自民党派閥の政治資金規正法違反事件を巡り、関係議員の処分が4日に行われたことで、再発防止策の規正法改正が今国会中に実現すれば、岸田首相が解散に踏み切るための環境が整うとの見方が広がっているためだ。
「与党内の協議は必要になるかもしれないが、できるだけ早く具体案を作り、この国会で改正案の成立を期したい」
自民の茂木幹事長は7日、静岡市内で記者団にこう強調した。首相が規正法改正に強い意欲を持っていることを踏まえたものだ。
解散に関する発言が相次いでいるのは、規正法改正などの政治改革に関し、首相が「国民の判断」に言及したことが大きい。
首相は安倍、二階両派の議員ら39人の処分を決めた4日、首相官邸で自らの処分を見送った理由を記者団から問われ、「私自身については政治改革に向けた取り組みをご覧いただいた上で、最終的には国民、党員に判断してもらう立場にある」と強調した。
自民党の片山さつき参院議員は7日のフジテレビ番組で、「(国民の声を聞く)車座対話を連日やっているが、厳しい声を感じたら、首相は何らかのことをするのではないか。

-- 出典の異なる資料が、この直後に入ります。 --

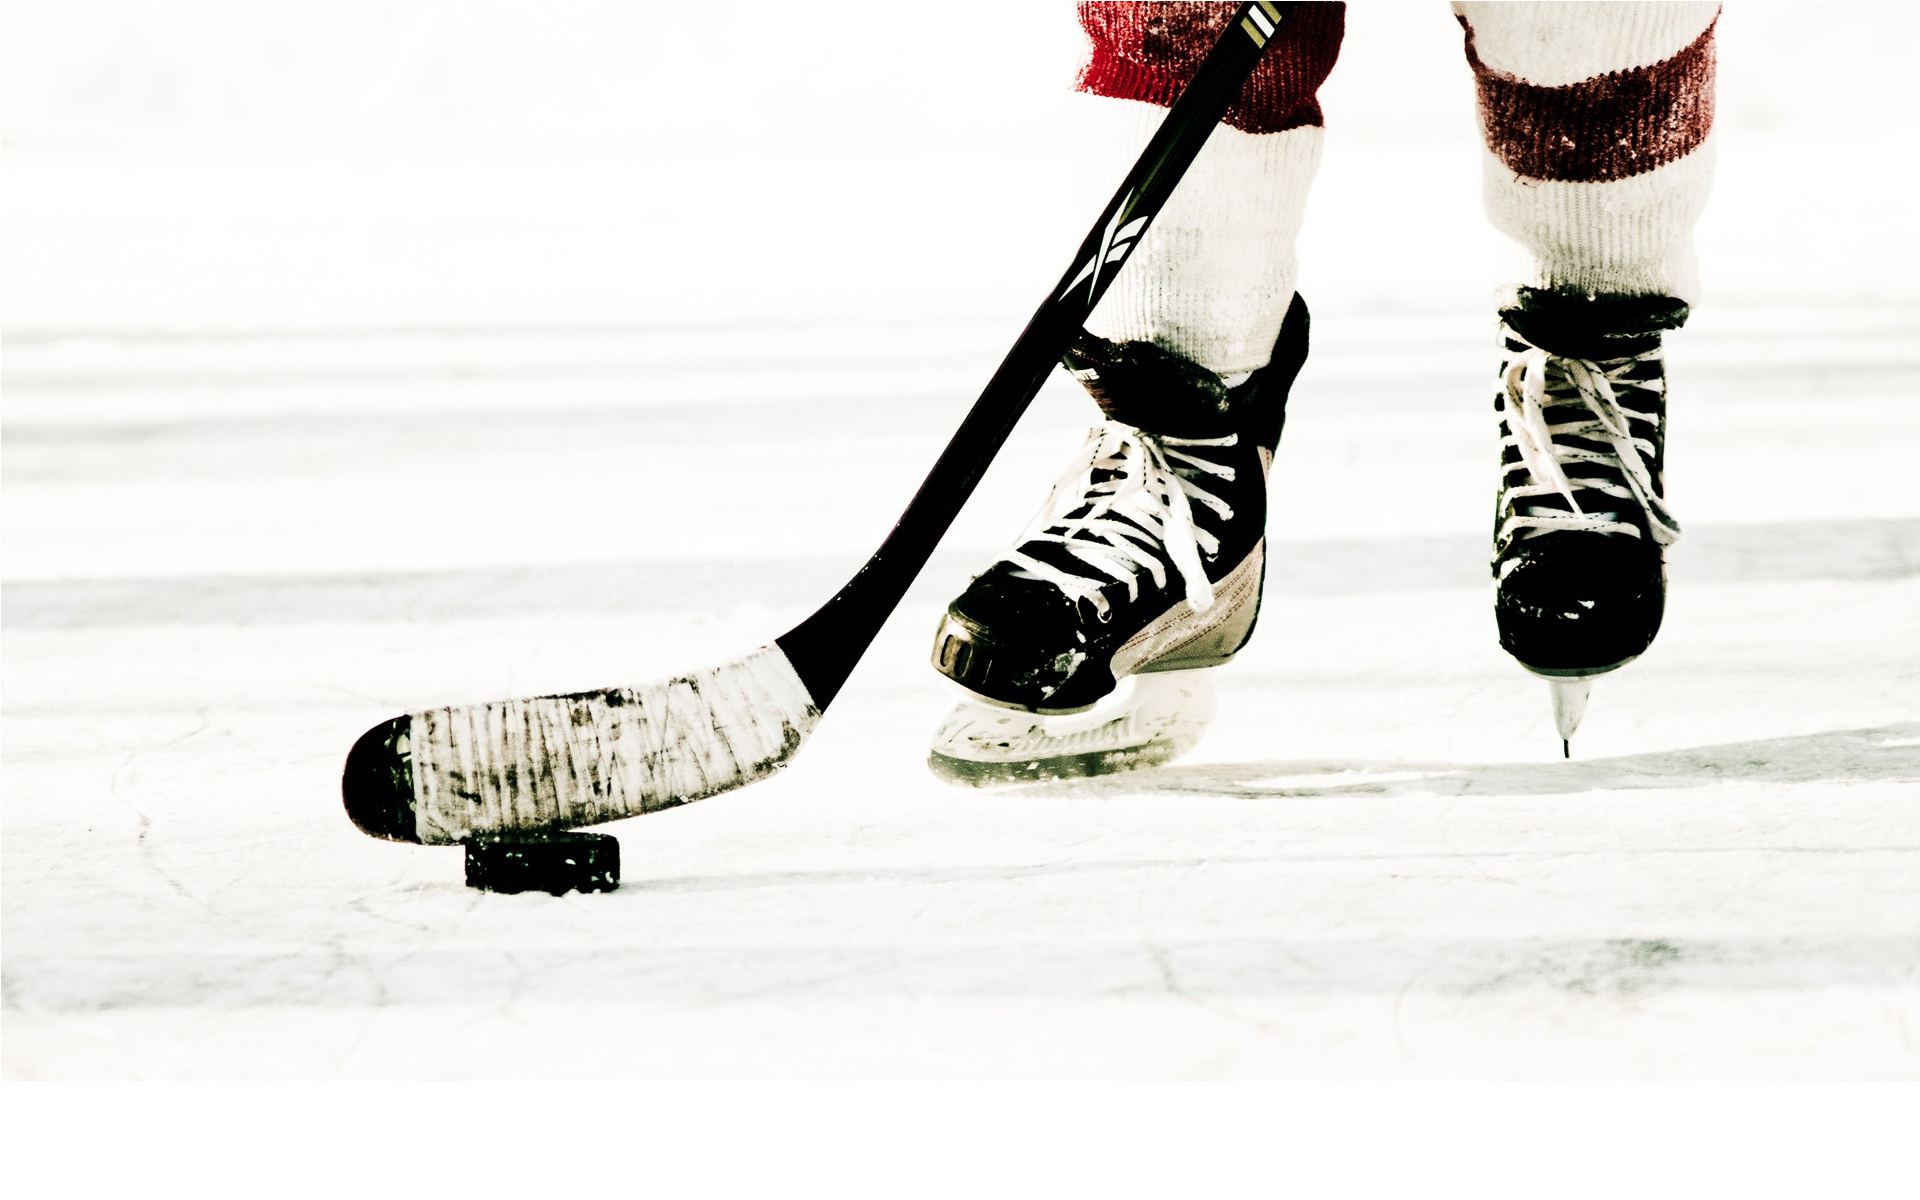 hockey wallpaper,hockey,ice hockey,footwear,bandy,stick and ball games

選択肢には当然、解散する権利もある」と述べた。
立憲民主党の泉代表は7日、島根県出雲市で「解散をしないということは、国民にとって不幸なことだ」と記者団に指摘した。安住淳国会対策委員長は6日、宮崎市で「国民に判断してもらうと言ったんだから、解散・総選挙で信を問うてもらうしかない」と記者団に語った。
6月には所得税などの減税が始まることも、「解散説」の根拠となっている。
ただ、岸田内閣の支持率は低迷が続いており、公明党は「信頼回復のトレンドが確認できるまでは解散すべきではない」(山口代表)との立場で、今夏の解散をけん制している。
首相は得意の外交で支持率回復に努めたい考えとみられる。10日に米国でバイデン米大統領と首脳会談を行い、11日には上下両院合同会議で日本の首相として2015年4月の安倍晋三元首相以来、9年ぶりの演説に臨む予定だ。
もっとも外遊の浮揚効果は限定的なことが多く、安倍氏のケースでも15年5月の世論調査で支持率は横ばいだった。帰国後には、衆院東京15区などの3補欠選挙が控えており、その結果次第でさらに支持率は低下する可能性もある。
首相周辺は「外野の臆測とは裏腹に、首相はまず目の前の課題をこなすことに懸命で政局を考える余裕はない」と漏らした。